My energy level is all over the place too.  I go from hyper to lethargic in the matter of hours, and not at times that those energy levels are needed. I have plenty of energy around 10 pm. At noon I need a nap. This weird energy pattern does not make me the life of the party, nor does it lend itself to getting things done. There is not enough caffeine to keep me awake when the tiredness hits. Even my pinky is heavy. When the hyper stage hits my heart feels like it's going to beat out of my chest. Not the most soothing feeling when your trying to go to sleep so you can wake up at 5am for work.

There have been daily bouts with nausea and vertigo.  Periods of starving to death followed by not wanting to eat anything at all. There are days that it's 8 pm and I realize all I've had to eat was a pop tart I chocked down in the car on the way to work at 6am. This is all thyroid related. Mentally I know that but when you enjoy preparing and eating food the way I do, it's depressing to realize where my current relationship with food is.

Either due to the wacky thyroid, or the rehabbing ankle that hasn't allowed me to run for the last month I'm very irritable.  Honesty,  I've never had much patience for stupid people or lazy people, but I've always been able to tolerate such things. Not recently!  There have been plenty of times in the last couple of weeks that I have gone to the bathroom to talk myself out of choking the bearer of one more task I don't have the energy for, or the off handed comment about how tight my pants look. I used to be able to let such things roll off, but lately I just want to slap the person in front of me. It also hasn't helped that my poor husband, who knows how to handle me when the world becomes too much, has himself been very busy at work and unavailable to talk me off the ledge.

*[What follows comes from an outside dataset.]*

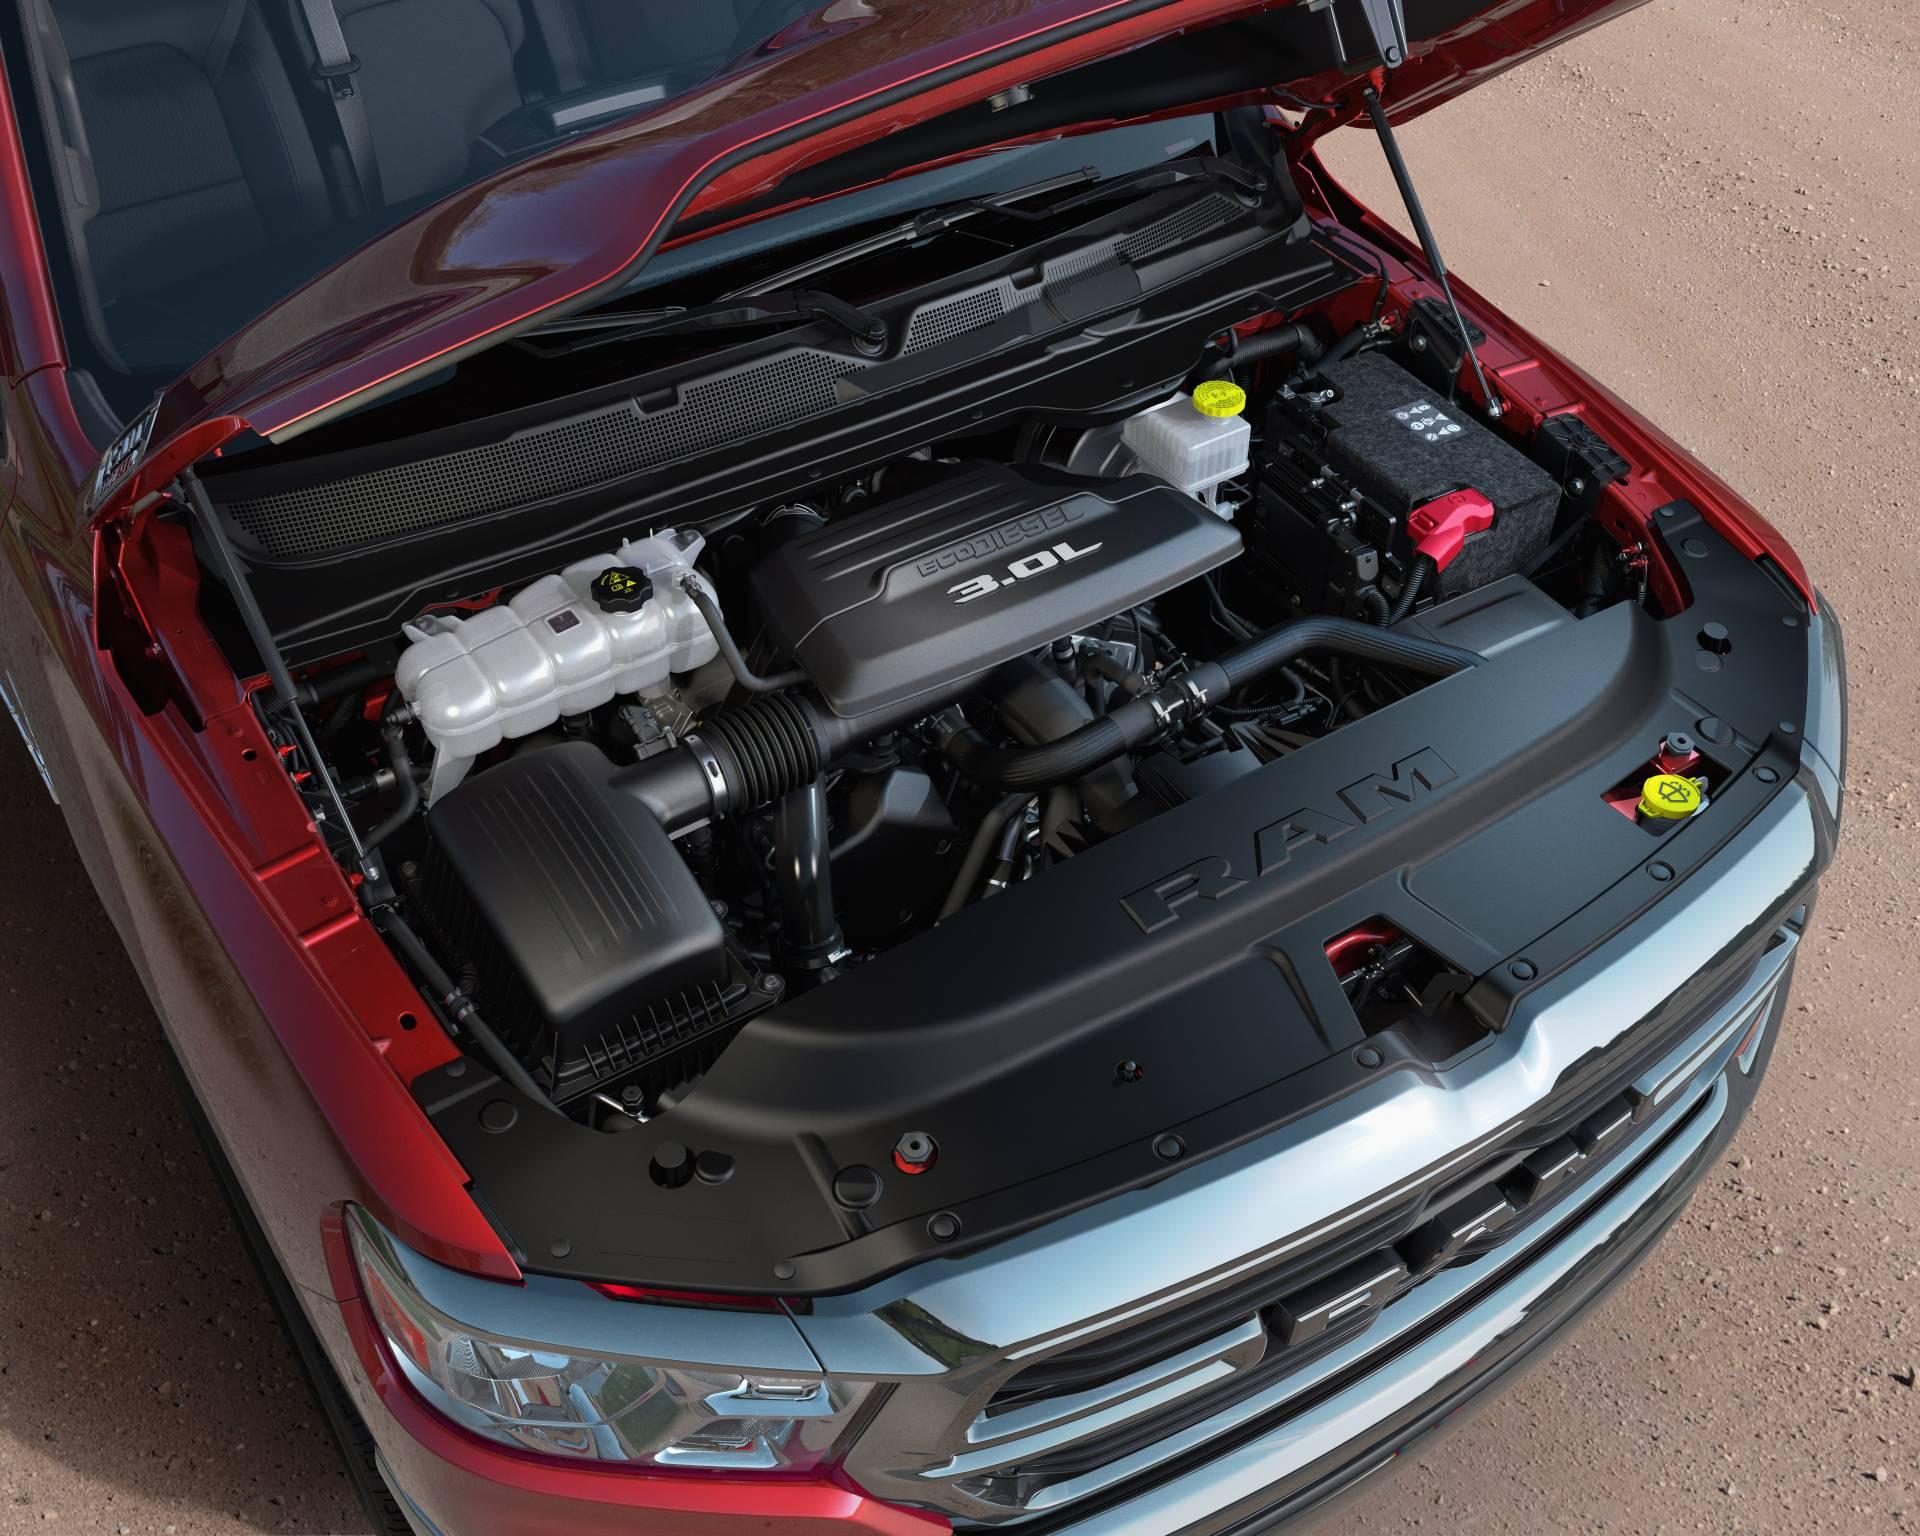 Se um motor a diesel moderno disparar, não tem muito o que fazer sem estragar o carro

To add insult to injury (or to just over load all my poor brain circuits) my hands have taken to swelling up. The people at work don't know how truly hard headed I can be. Most days I pass for a nice, upbeat, rational person. Imagine their surprise Friday when my finger swelled up so bad that I lost my wedding ring in the skin and I refused to let them cut it off. I'd lose my finger first before I'd allow anyone to cut my wedding ring off! The faces of the front off staff when I made that statement with my finger wrapped in an ice bag, before I attempted to pull said wedding ring off my finger, were shocked. I wanted to go cry and call my husband to come get me, but it was only 9am and there was testing to do and a football game to work, we'll you get the idea. I had to suck it up but looking down at my bruised ring finger during the day made me just want to cry some more.

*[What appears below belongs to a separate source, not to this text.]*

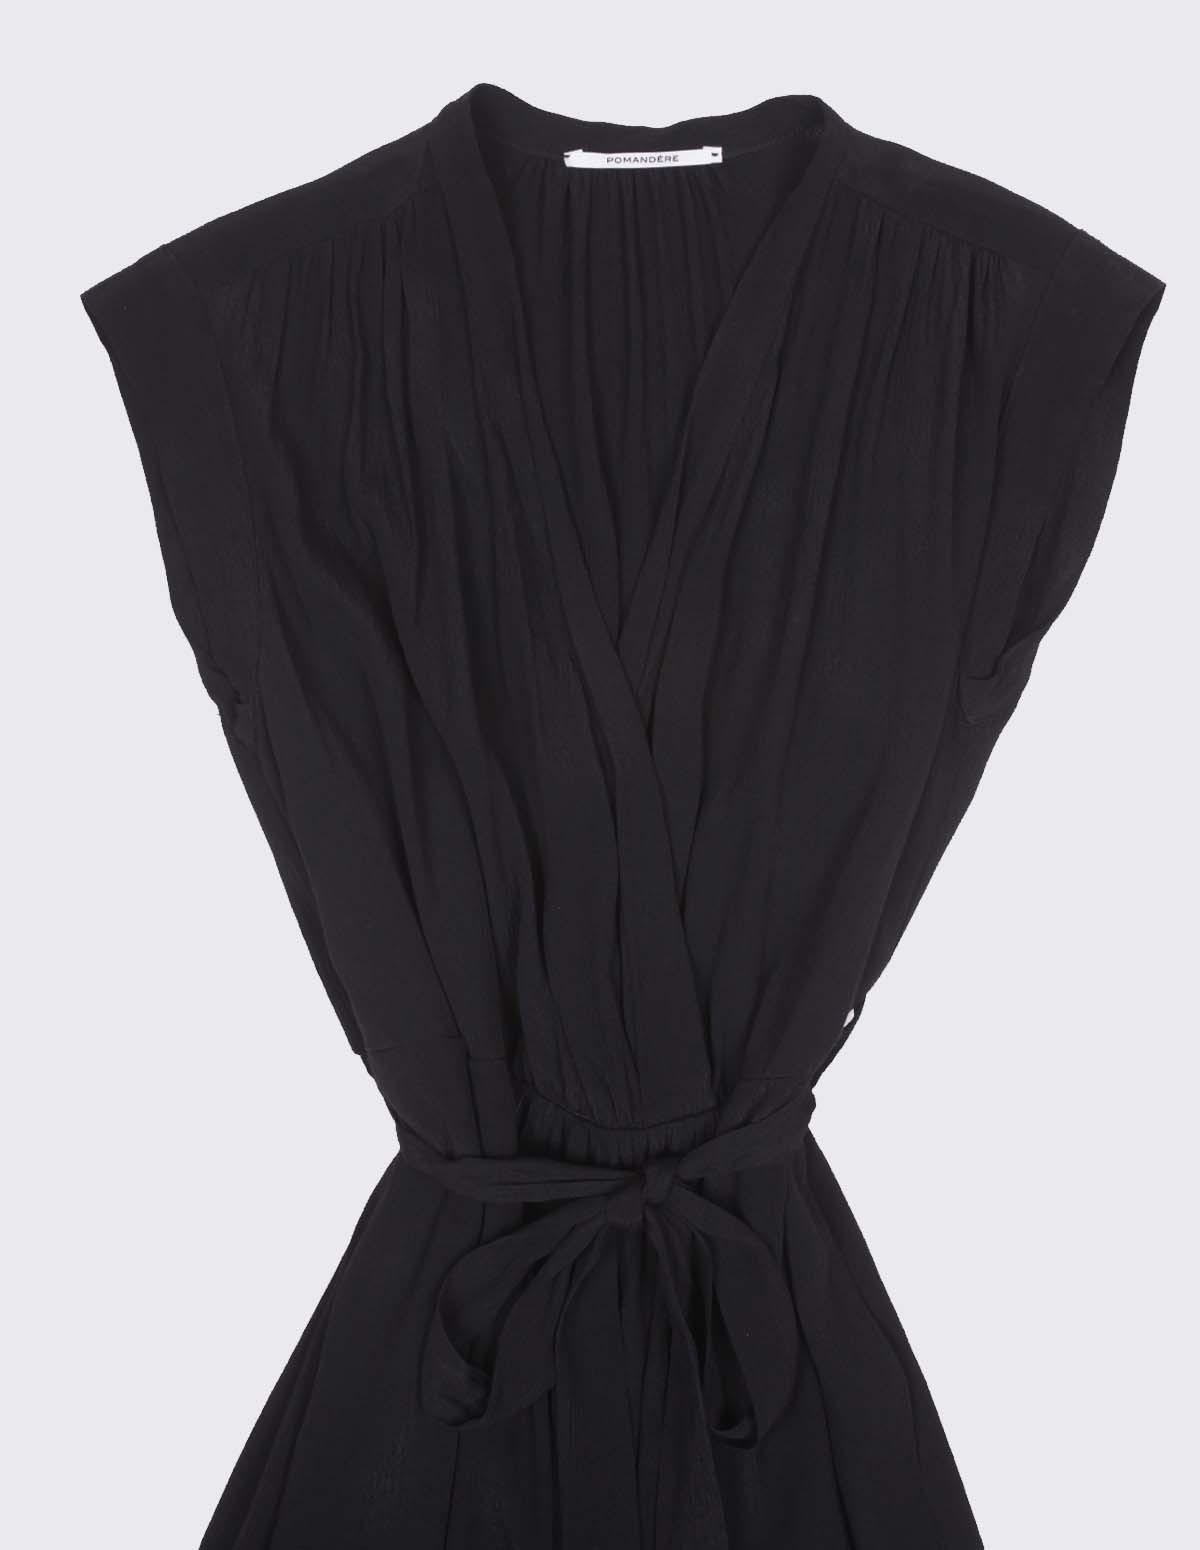 Pom 3193/20663 Dress

My brain is everywhere,  but I feel like I'm not going anywhere fast in getting this Hashimoto's in check. I'm stuck and my anchor is busy. Running, cooking and writing that help ground me and keep me moving forward are either off limits or require too much energy to complete.  I guess there's some hope on the horizon.  I go get blood work this week and go to the endocrinologist in a couple of weeks. I just want to get back to the me I'm familiar with and I'm sure those around me would too.